## Exercise
When you answer, restate the entries below without altering anything.

### Task input

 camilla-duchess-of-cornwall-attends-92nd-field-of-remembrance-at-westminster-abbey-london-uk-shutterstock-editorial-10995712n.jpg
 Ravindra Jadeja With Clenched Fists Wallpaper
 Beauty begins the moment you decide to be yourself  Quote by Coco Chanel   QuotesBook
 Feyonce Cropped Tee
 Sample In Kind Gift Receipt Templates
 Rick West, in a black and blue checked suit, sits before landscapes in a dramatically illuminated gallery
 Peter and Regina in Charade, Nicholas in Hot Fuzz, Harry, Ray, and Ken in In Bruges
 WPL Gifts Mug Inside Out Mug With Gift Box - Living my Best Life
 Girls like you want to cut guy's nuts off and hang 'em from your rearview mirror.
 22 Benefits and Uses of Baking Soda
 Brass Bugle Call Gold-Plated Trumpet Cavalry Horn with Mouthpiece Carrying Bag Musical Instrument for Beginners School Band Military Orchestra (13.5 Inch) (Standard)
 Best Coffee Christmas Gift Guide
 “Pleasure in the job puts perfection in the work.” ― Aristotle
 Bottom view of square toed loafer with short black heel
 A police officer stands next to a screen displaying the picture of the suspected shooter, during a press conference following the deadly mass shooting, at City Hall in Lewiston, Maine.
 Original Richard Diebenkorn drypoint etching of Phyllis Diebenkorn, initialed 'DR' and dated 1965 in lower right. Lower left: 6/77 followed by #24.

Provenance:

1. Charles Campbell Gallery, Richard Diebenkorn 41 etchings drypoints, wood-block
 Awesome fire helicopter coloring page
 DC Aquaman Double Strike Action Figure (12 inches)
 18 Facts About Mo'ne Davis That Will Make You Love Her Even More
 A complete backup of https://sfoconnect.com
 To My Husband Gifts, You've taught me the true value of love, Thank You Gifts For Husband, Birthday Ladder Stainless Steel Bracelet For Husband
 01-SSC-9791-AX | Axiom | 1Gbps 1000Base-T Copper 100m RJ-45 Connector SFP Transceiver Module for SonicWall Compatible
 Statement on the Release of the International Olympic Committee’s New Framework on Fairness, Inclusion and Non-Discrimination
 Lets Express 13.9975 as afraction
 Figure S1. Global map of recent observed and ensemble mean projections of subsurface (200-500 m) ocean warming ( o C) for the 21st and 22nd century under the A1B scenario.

######

## Solution for this problem
 camilla-duchess-of-cornwall-attends-92nd-field-of-remembrance-at-westminster-abbey-london-uk-shutterstock-editorial-10995712n.jpg
 Ravindra Jadeja With Clenched Fists Wallpaper
 Beauty begins the moment you decide to be yourself  Quote by Coco Chanel   QuotesBook
 Feyonce Cropped Tee
 Sample In Kind Gift Receipt Templates
 Rick West, in a black and blue checked suit, sits before landscapes in a dramatically illuminated gallery
 Peter and Regina in Charade, Nicholas in Hot Fuzz, Harry, Ray, and Ken in In Bruges
 WPL Gifts Mug Inside Out Mug With Gift Box - Living my Best Life
 Girls like you want to cut guy's nuts off and hang 'em from your rearview mirror.
 22 Benefits and Uses of Baking Soda
 Brass Bugle Call Gold-Plated Trumpet Cavalry Horn with Mouthpiece Carrying Bag Musical Instrument for Beginners School Band Military Orchestra (13.5 Inch) (Standard)
 Best Coffee Christmas Gift Guide
 “Pleasure in the job puts perfection in the work.” ― Aristotle
 Bottom view of square toed loafer with short black heel
 A police officer stands next to a screen displaying the picture of the suspected shooter, during a press conference following the deadly mass shooting, at City Hall in Lewiston, Maine.
 Original Richard Diebenkorn drypoint etching of Phyllis Diebenkorn, initialed 'DR' and dated 1965 in lower right. Lower left: 6/77 followed by #24.

Provenance:

1. Charles Campbell Gallery, Richard Diebenkorn 41 etchings drypoints, wood-block
 Awesome fire helicopter coloring page
 DC Aquaman Double Strike Action Figure (12 inches)
 18 Facts About Mo'ne Davis That Will Make You Love Her Even More
 A complete backup of https://sfoconnect.com
 To My Husband Gifts, You've taught me the true value of love, Thank You Gifts For Husband, Birthday Ladder Stainless Steel Bracelet For Husband
 01-SSC-9791-AX | Axiom | 1Gbps 1000Base-T Copper 100m RJ-45 Connector SFP Transceiver Module for SonicWall Compatible
 Statement on the Release of the International Olympic Committee’s New Framework on Fairness, Inclusion and Non-Discrimination
 Lets Express 13.9975 as afraction
 Figure S1. Global map of recent observed and ensemble mean projections of subsurface (200-500 m) ocean warming ( o C) for the 21st and 22nd century under the A1B scenario.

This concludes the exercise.